→ **Exercise requirements**
What is needed is an exact reproduction of the lines from the one that contains "Gear Housing Drive" through the end of the data, both included and nothing else, with pictures omitted.

→ **Source data**
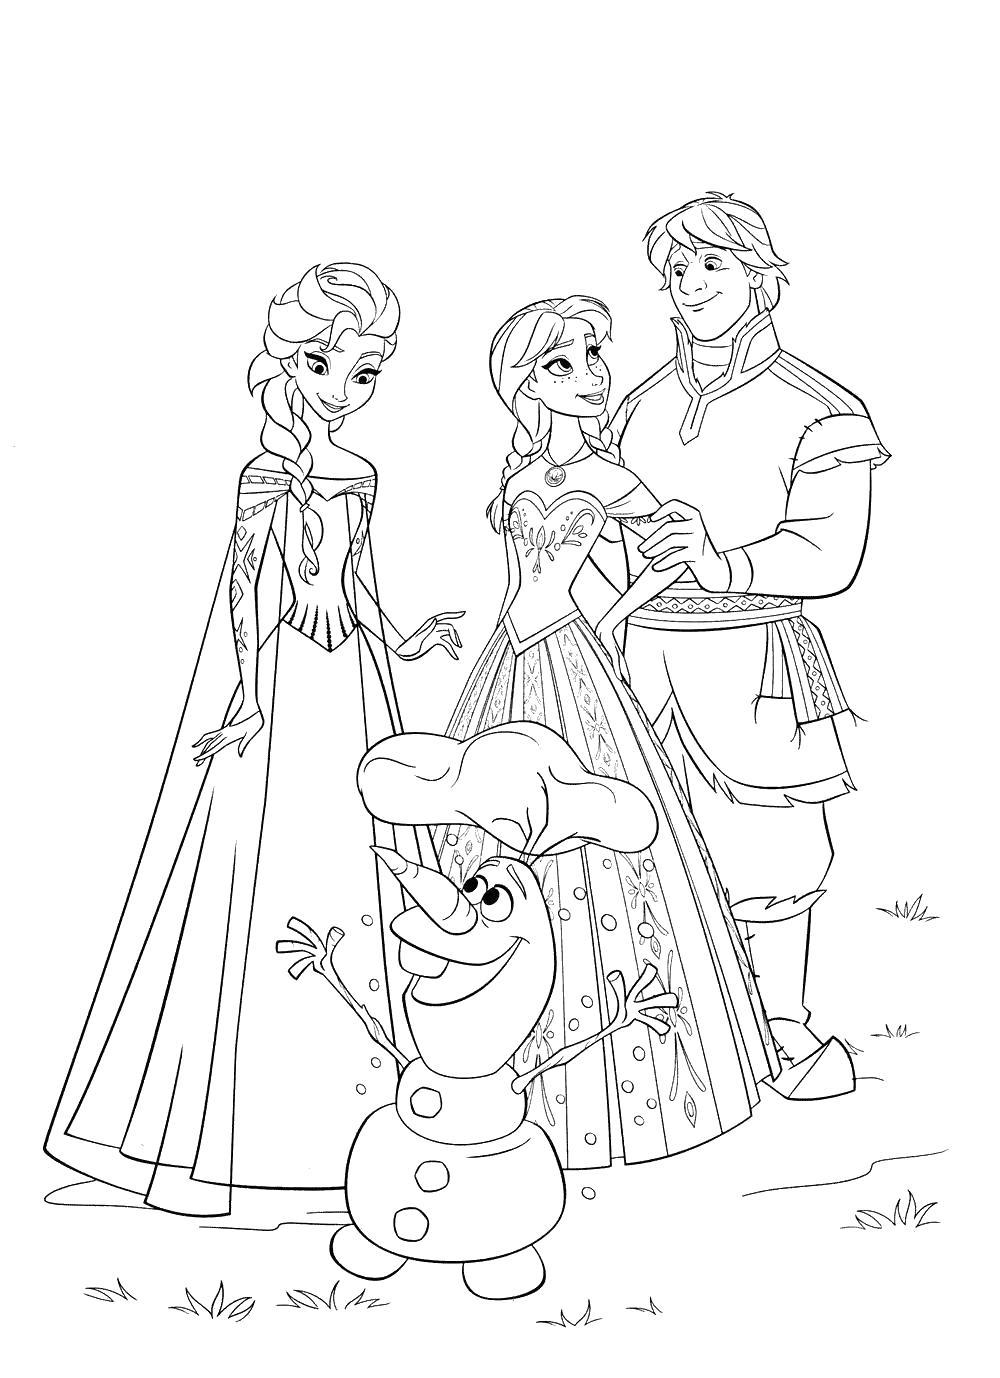 Олиф, ельза, анна, кристофер Раскраски для девочек бесплатно
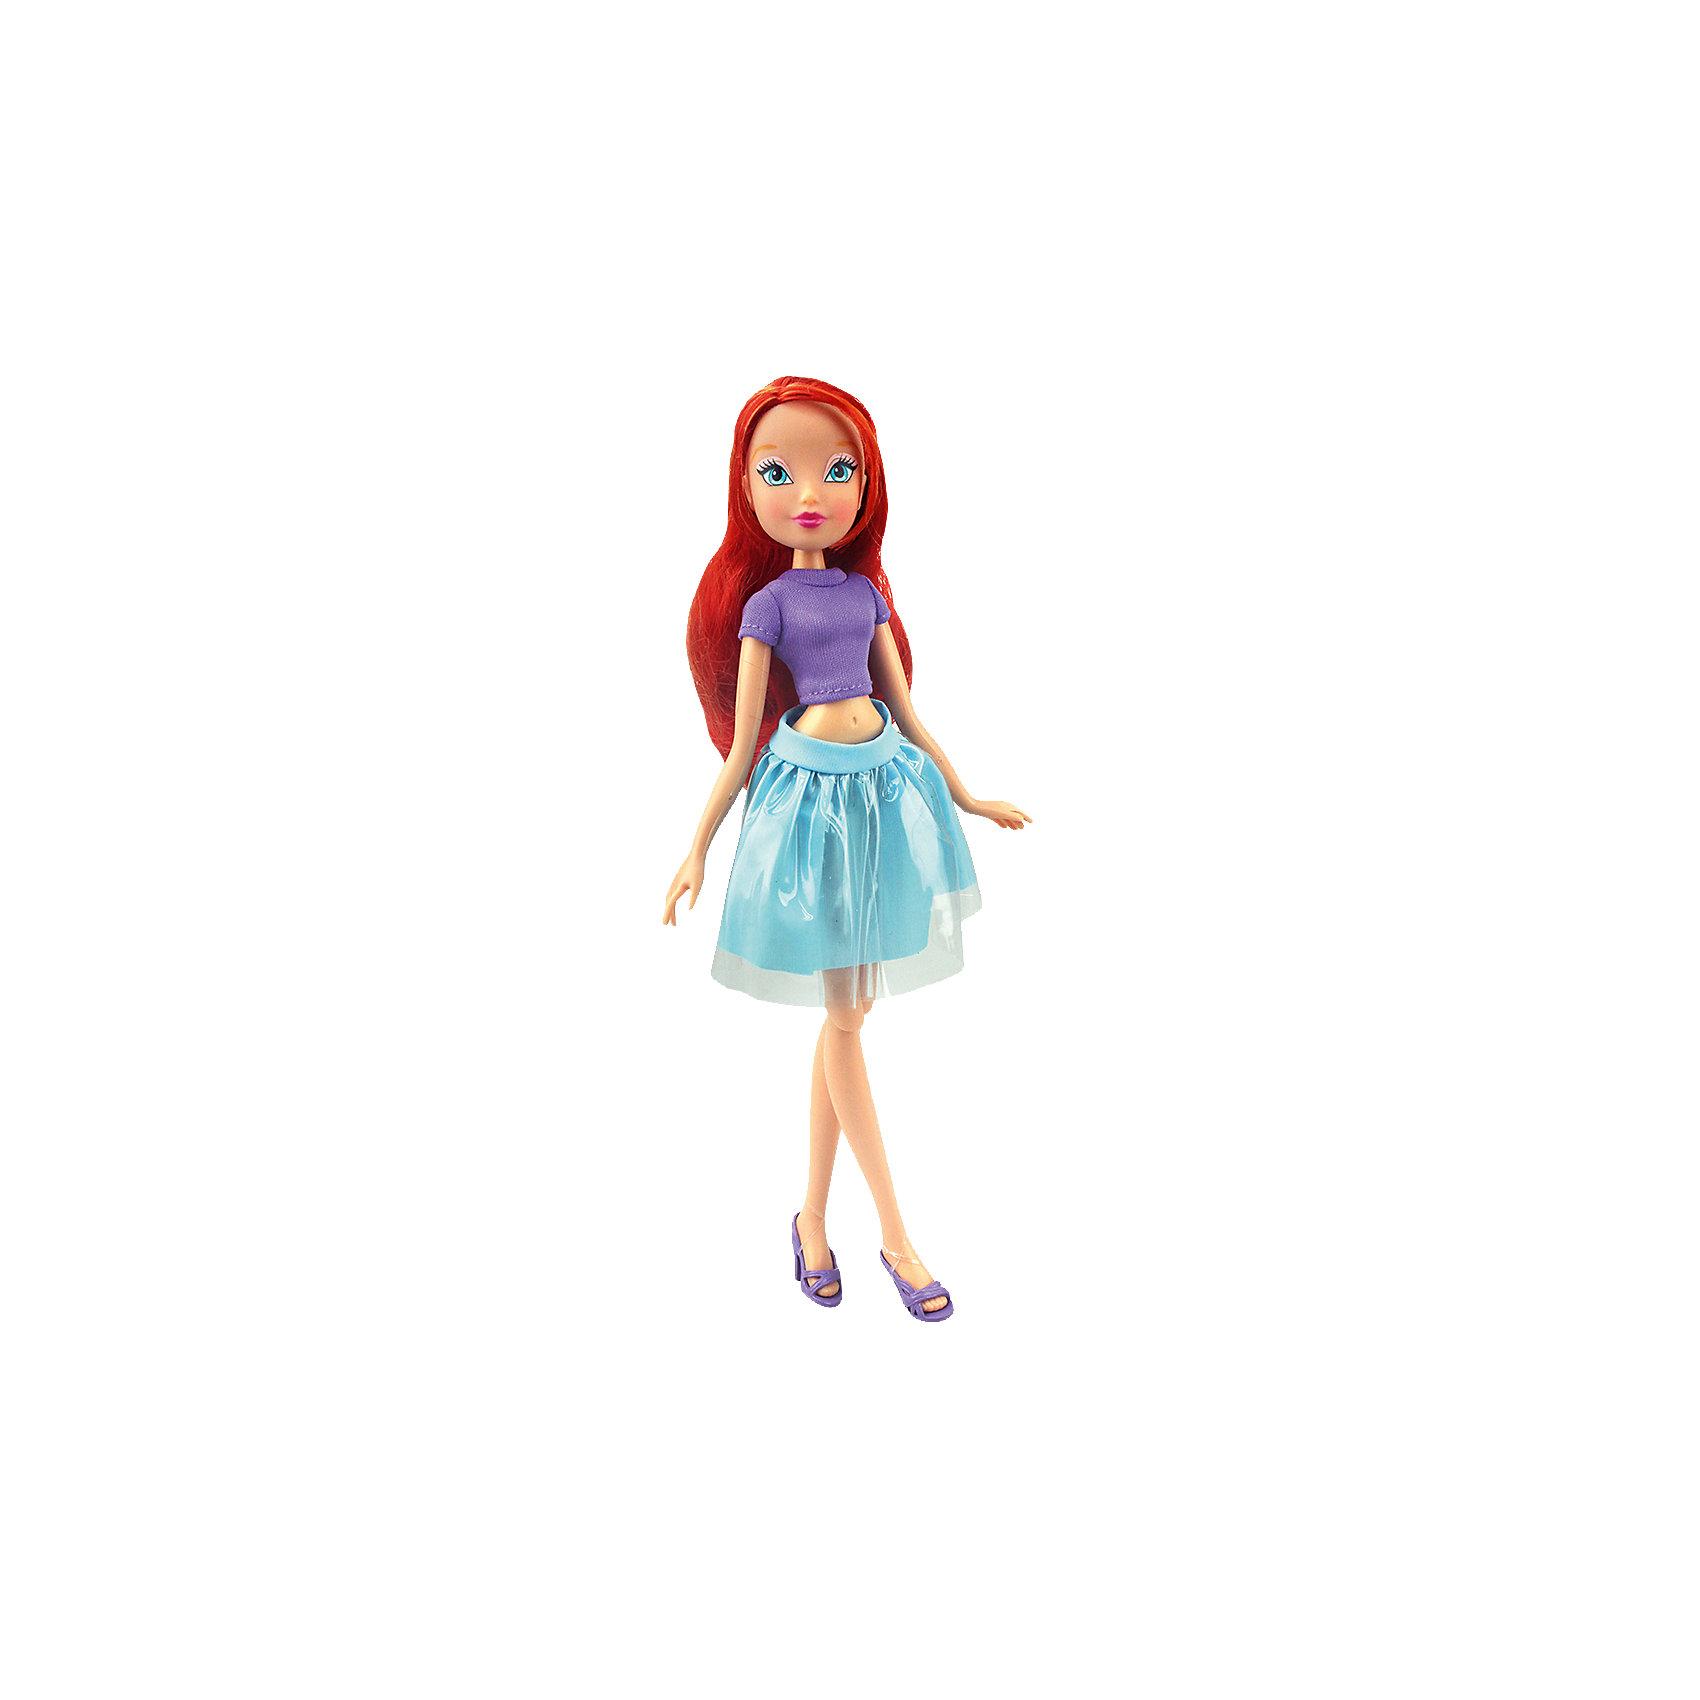 Кукла Блум Городская магия-2, Winx ClubКуклы-модели<br>Характеристики товара:<br><br>• возраст: от 3 лет;<br>• материал: пластик, текстиль;<br>• в комплекте: кукла, наряд, крылья;<br>• высота куклы: 27 см;<br>• размер упаковки: 25х15х10 см;<br>• вес упаковки: 220 гр.;<br>• страна производитель: Китай.<br><br>Кукла Блум «Городская магия-2» Winx Club создана по мотивам известного мультсериала «Клуб Винкс: Школа волшебниц» про очаровательных фей-волшебниц. Блум — главная героиня мультфильма, основательница Клуба Винкс. Блум любит смотреть комедии, читать книги о магии и общаться с друзьями.<br><br>У феи голубые выразительные глаза и мягкие огненно-рыжие волосы, которые можно расчесывать, заплетать и украшать. Одета Блум в фиолетовый топ и голубую пышную юбку. У куклы несколько точек артикуляции. Руки сгибаются в локтях и плечах, ноги в бедрах и коленях. В комплекте крылышки для девочки на резинке, которые позволяет ей придумать себе волшебный образ на праздник или день рождение. <br><br>Куклу Блум «Городская магия-2» Winx Club можно приобрести в нашем интернет-магазине.<br><br>Ширина мм: 150<br>Глубина мм: 250<br>Высота мм: 100<br>Вес г: 25<br>Возраст от месяцев: 36<br>Возраст до месяцев: 2147483647<br>Пол: Женский<br>Возраст: Детский<br>SKU: 5532629
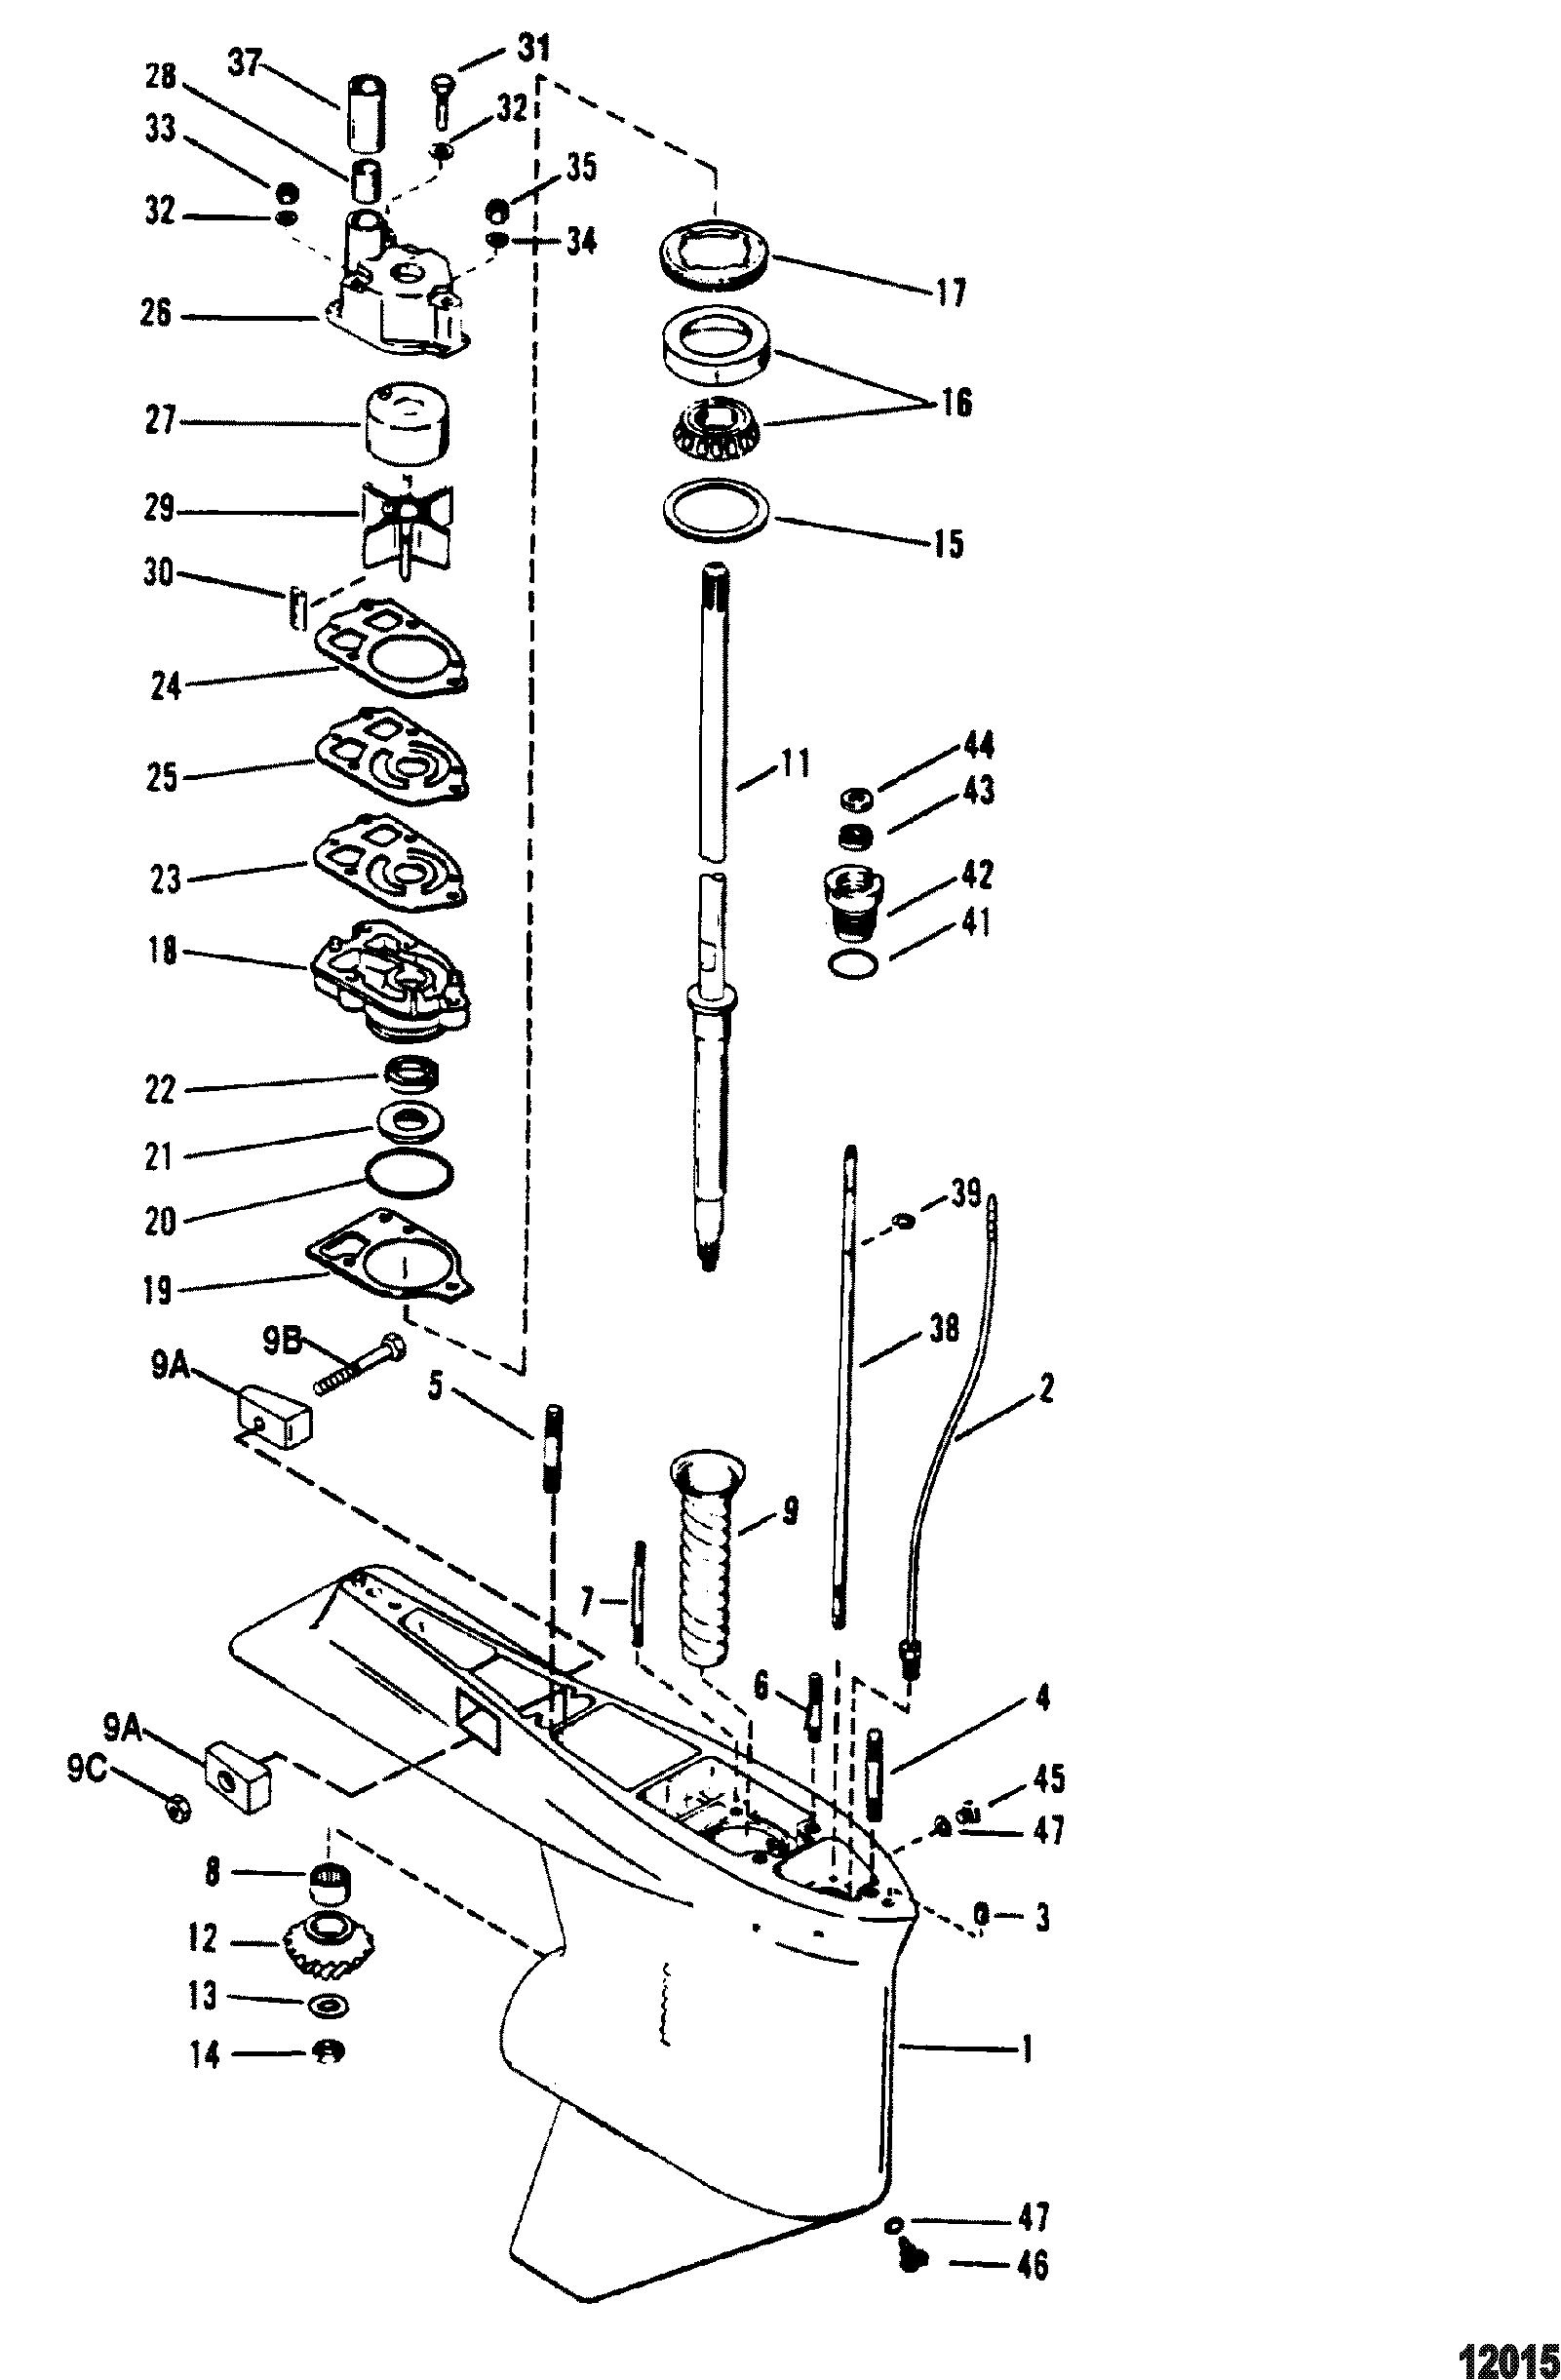 Gear Housing Drive Shaft 1 87 1 Gear Ratio 4 75 Torpedo
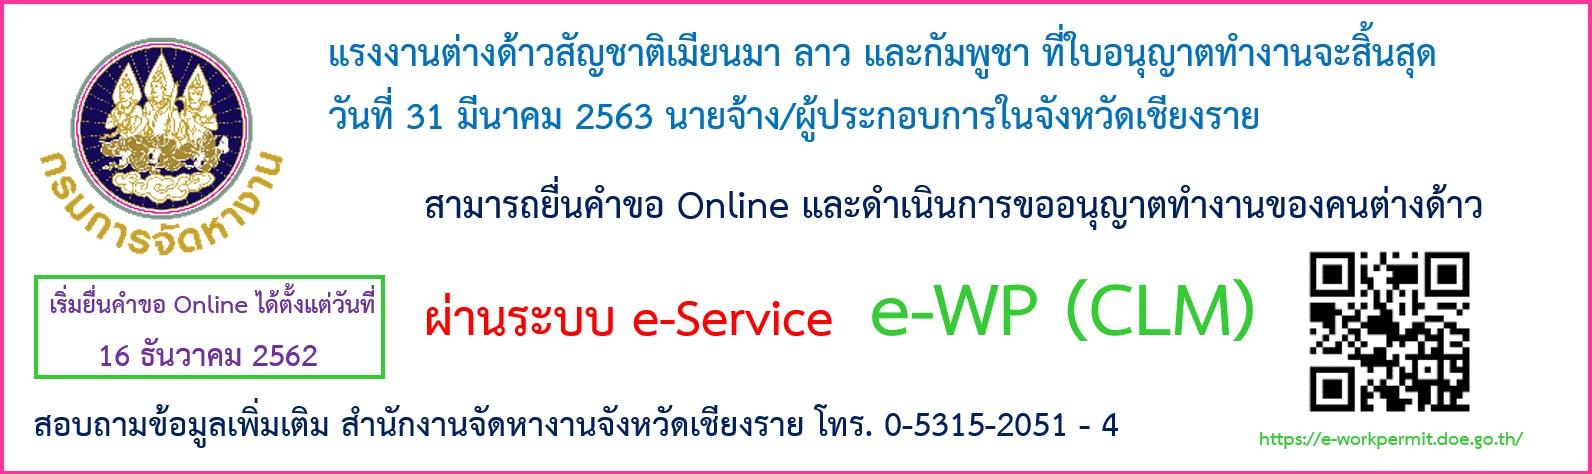 e-WP (CLM)

→ **Reply**
 Gear Housing Drive Shaft 1 87 1 Gear Ratio 4 75 Torpedo
 e-WP (CLM)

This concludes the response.